• [Extracted information]

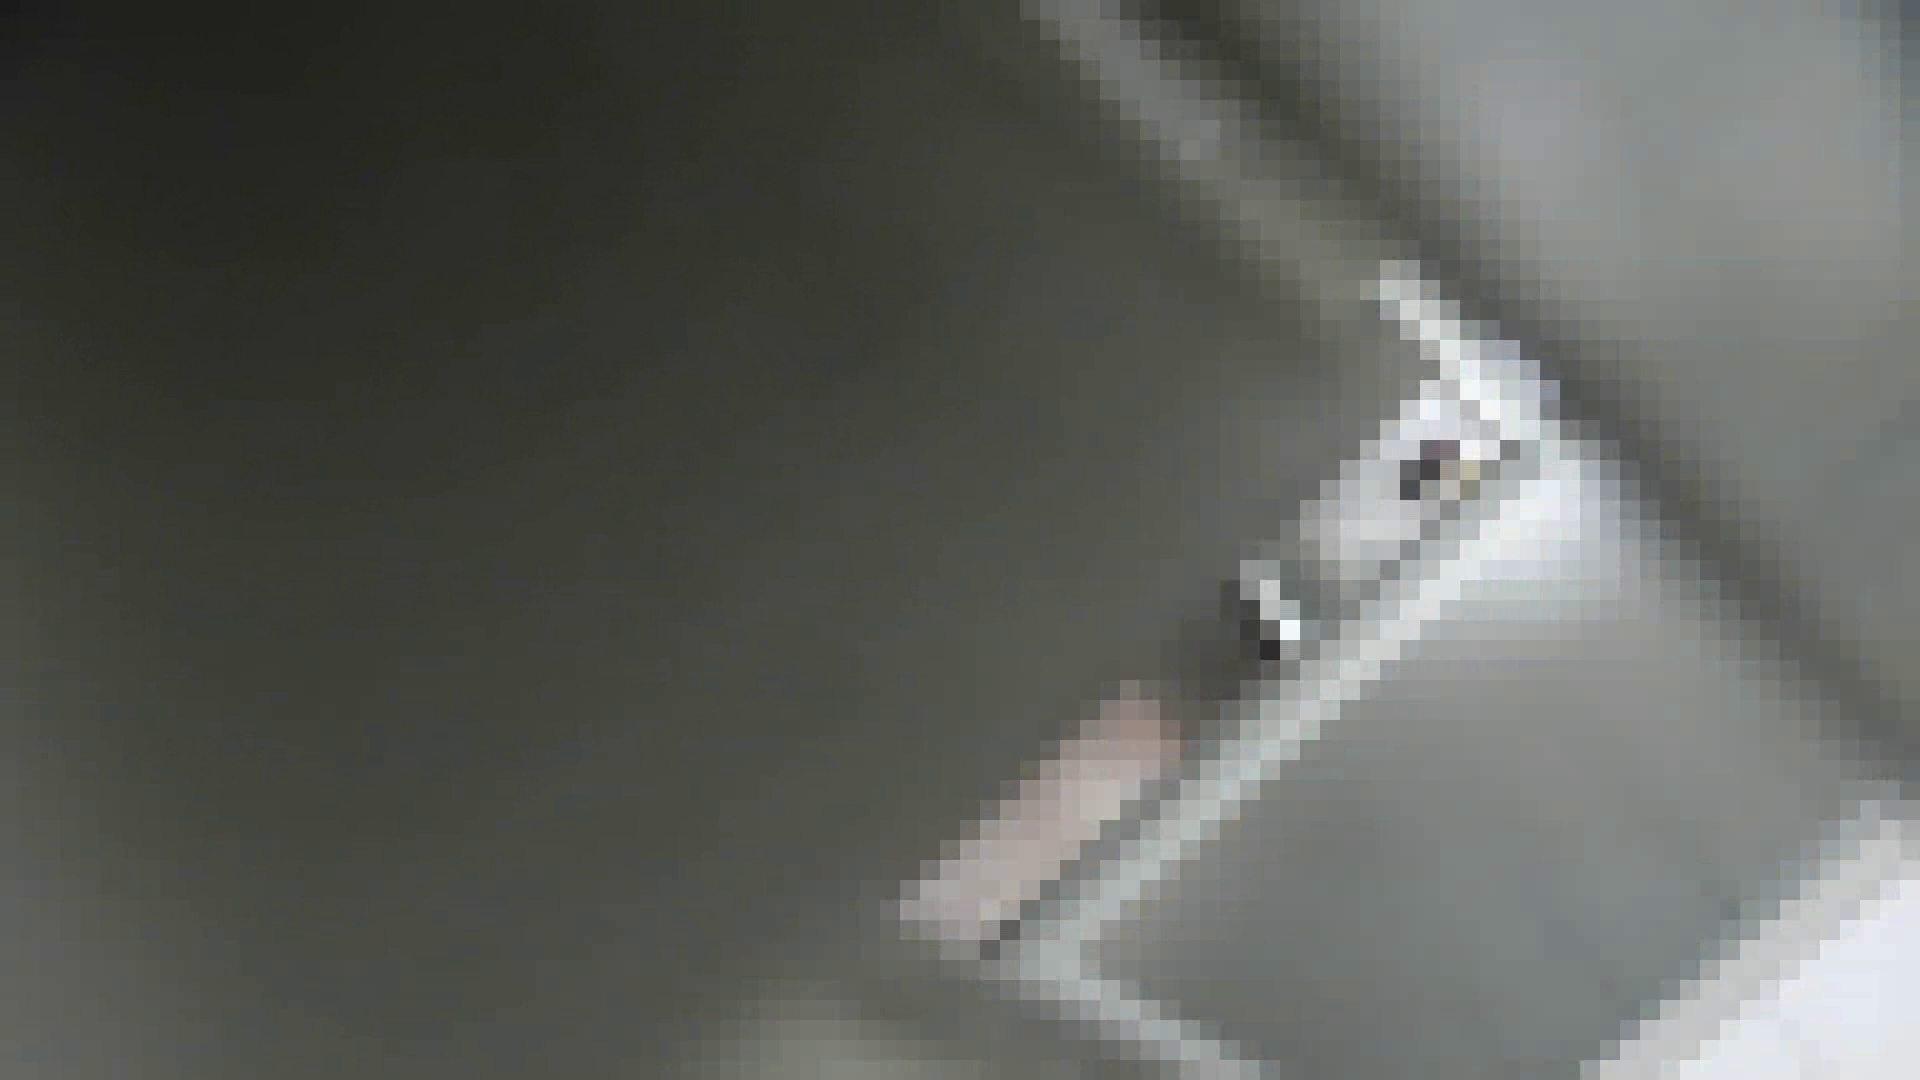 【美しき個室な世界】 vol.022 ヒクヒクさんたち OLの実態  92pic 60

==

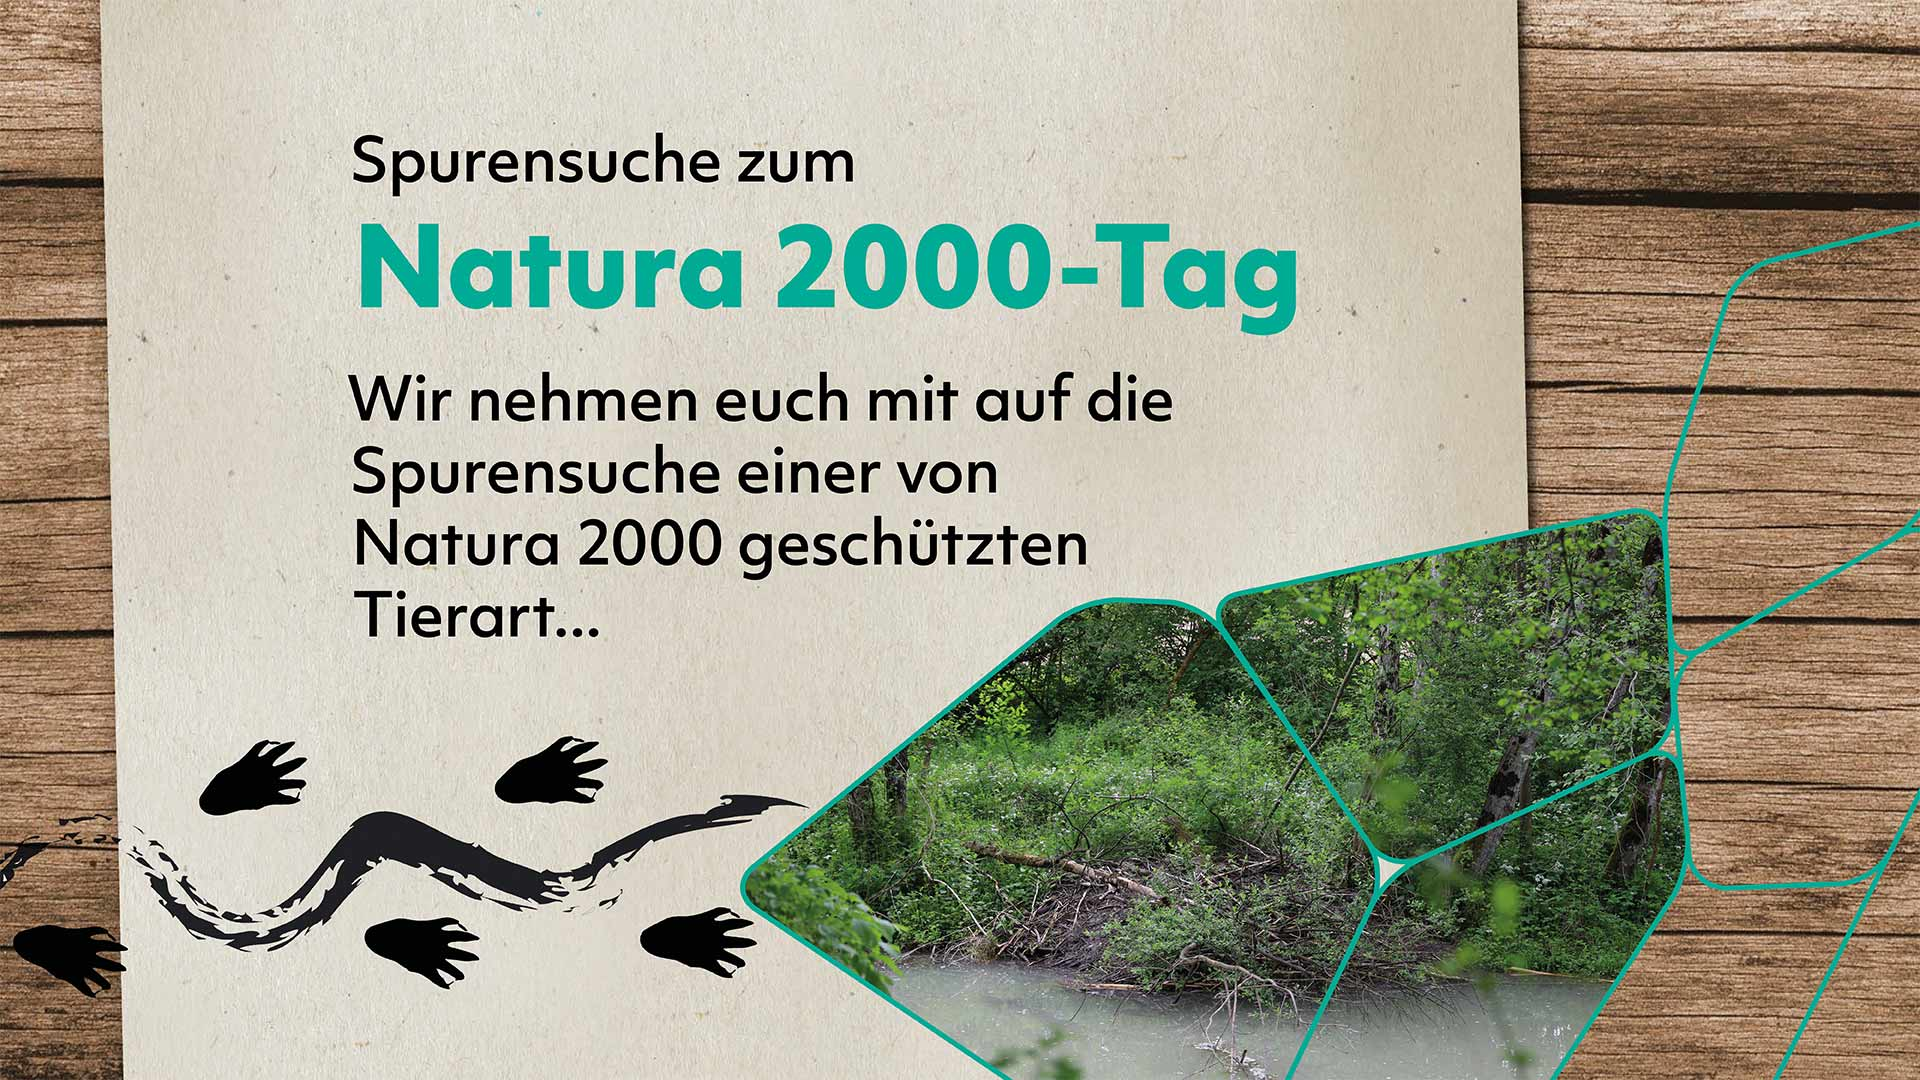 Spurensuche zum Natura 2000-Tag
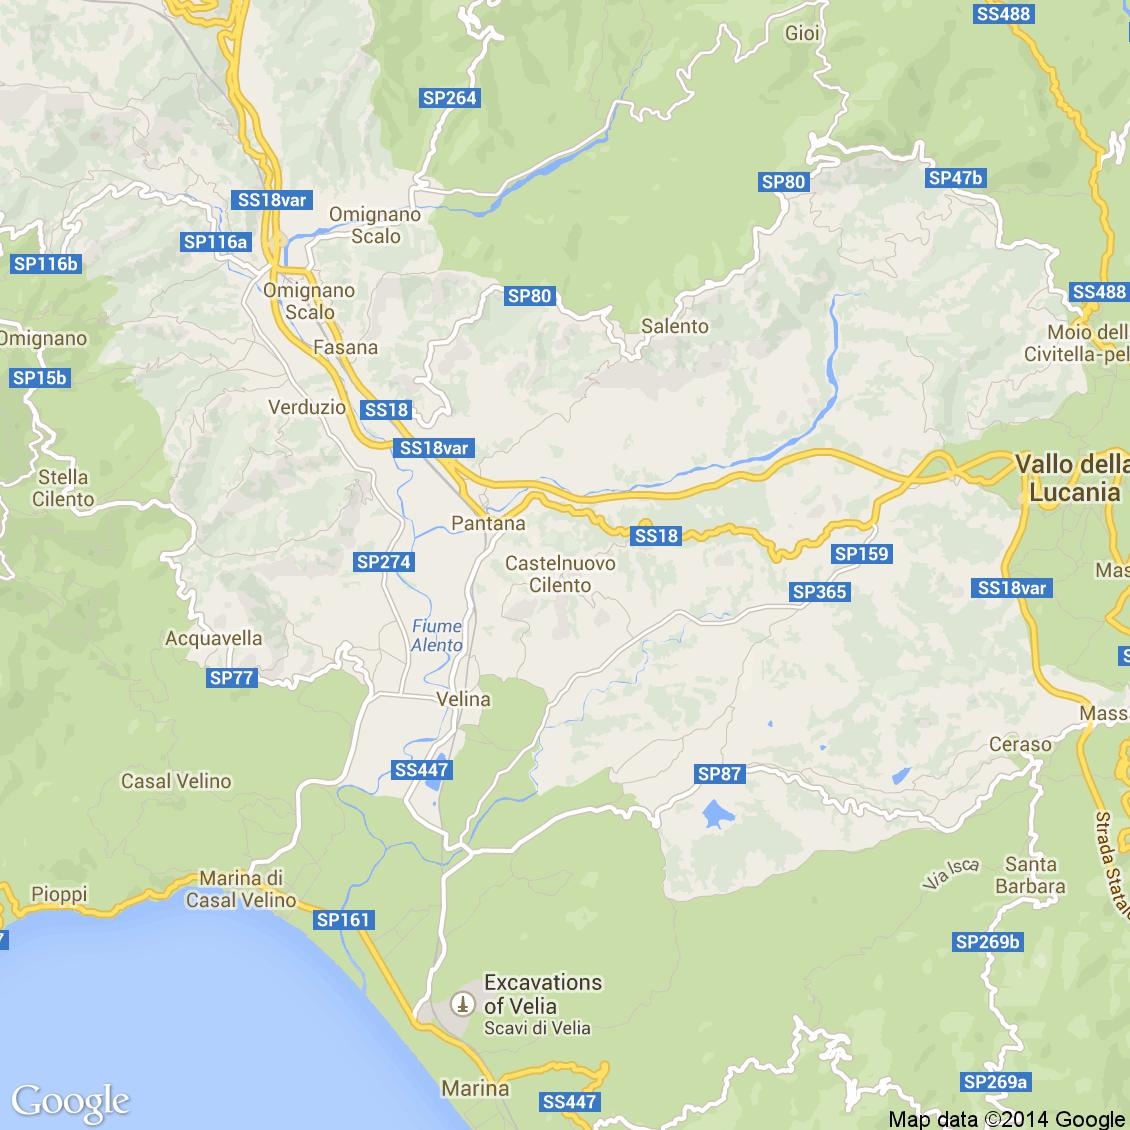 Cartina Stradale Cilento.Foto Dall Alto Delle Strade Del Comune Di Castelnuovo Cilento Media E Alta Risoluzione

• [Work instructions] Copy out the lines above from the line containing "Spurensuche zum Natura 2000-Tag" through the line containing "Cartina Stradale Cilento.Foto", exactly, and keep the pictures out.

• [Answer for this exercise]
 Spurensuche zum Natura 2000-Tag
 Cartina Stradale Cilento.Foto Dall Alto Delle Strade Del Comune Di Castelnuovo Cilento Media E Alta Risoluzione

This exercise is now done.